Early Accepted · MICCAI 2026 Top 9%

EchoPilot: Training-Free Ultrasound Video Segmentation via Scale-Space Semantic Prompting and Reliability-Gated Memory

Ruiqiang Xiao1, Zhaohu Xing1, Yijun Yang1, Zhenyan Han2, Weiming Wang3, Kaishun Wu1, Lei Zhu1,*

1The Hong Kong University of Science and Technology (Guangzhou)  ·  2Third Affiliated Hospital of Sun Yat-Sen University  ·  3Hong Kong Metropolitan University

* Corresponding author: Lei Zhu (leizhu@hkust-gz.edu.cn).

EchoPilot task setting and concept

EchoPilot targets category-anchored sparse-interactive ultrasound VOS: the user provides one positive point and an anatomical category name on the first frame; all foundation models remain frozen.

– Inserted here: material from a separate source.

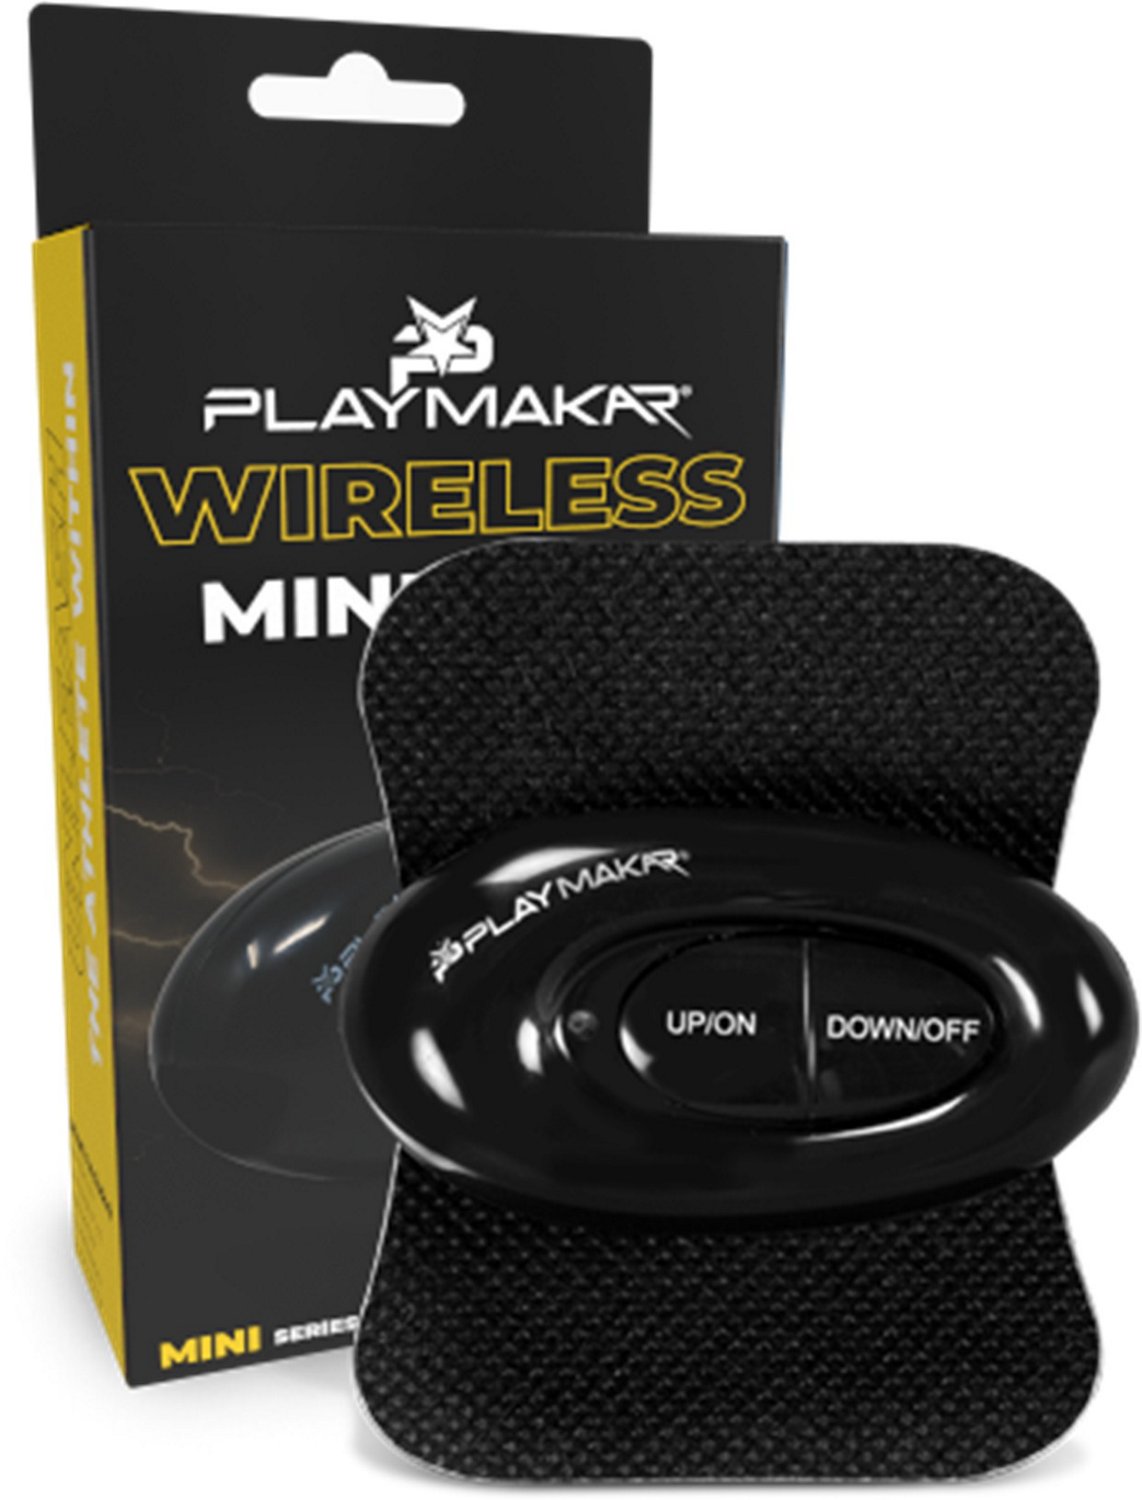 PlayMakar Mini Wireless TENS Unit

TL;DR — EchoPilot turns one click and one category name into stable ultrasound video masks, without training, task-specific fine-tuning, or dense first-frame annotations.

01 · Abstract

Abstract

Ultrasound video segmentation is clinically valuable yet difficult due to speckle noise, weak boundaries, and rapid anatomical deformation. Recent promptable foundation models enable point-guided segmentation, but direct deployment in ultrasound remains unreliable: a single point provides insufficient spatial context to resolve scale ambiguity, and greedy memory updates amplify early errors into severe temporal drift.

We present EchoPilot, a training-free framework for ultrasound video segmentation under sparse first-frame interaction, requiring only a single point click and an anatomical category name. EchoPilot mimics clinical global-to-local reasoning by orchestrating frozen medical vision-language, vision foundation, and video segmentation priors. It resolves initialization ambiguity with Scale-Space Semantic Prompting and a parameter-free S.E.E.D. criterion, then suppresses temporal drift with Reliability-Gated Memory. We also contribute a dynamic fetal placenta ultrasound VOS dataset with 671 annotated frames.

02 · Method

Method Overview

Overview of EchoPilot

Stage I selects a semantic context scale with BioMedCLIP and S.E.E.D., then uses DINOv3 features to synthesize auxiliary point prompts. Stage II uses a reliability gate to decide whether each predicted frame should be written into the SAM2 or MedSAM2 memory bank.

Training-Free

All priors are frozen at inference time.

Sparse Interaction

Only one first-frame point and a category name are required.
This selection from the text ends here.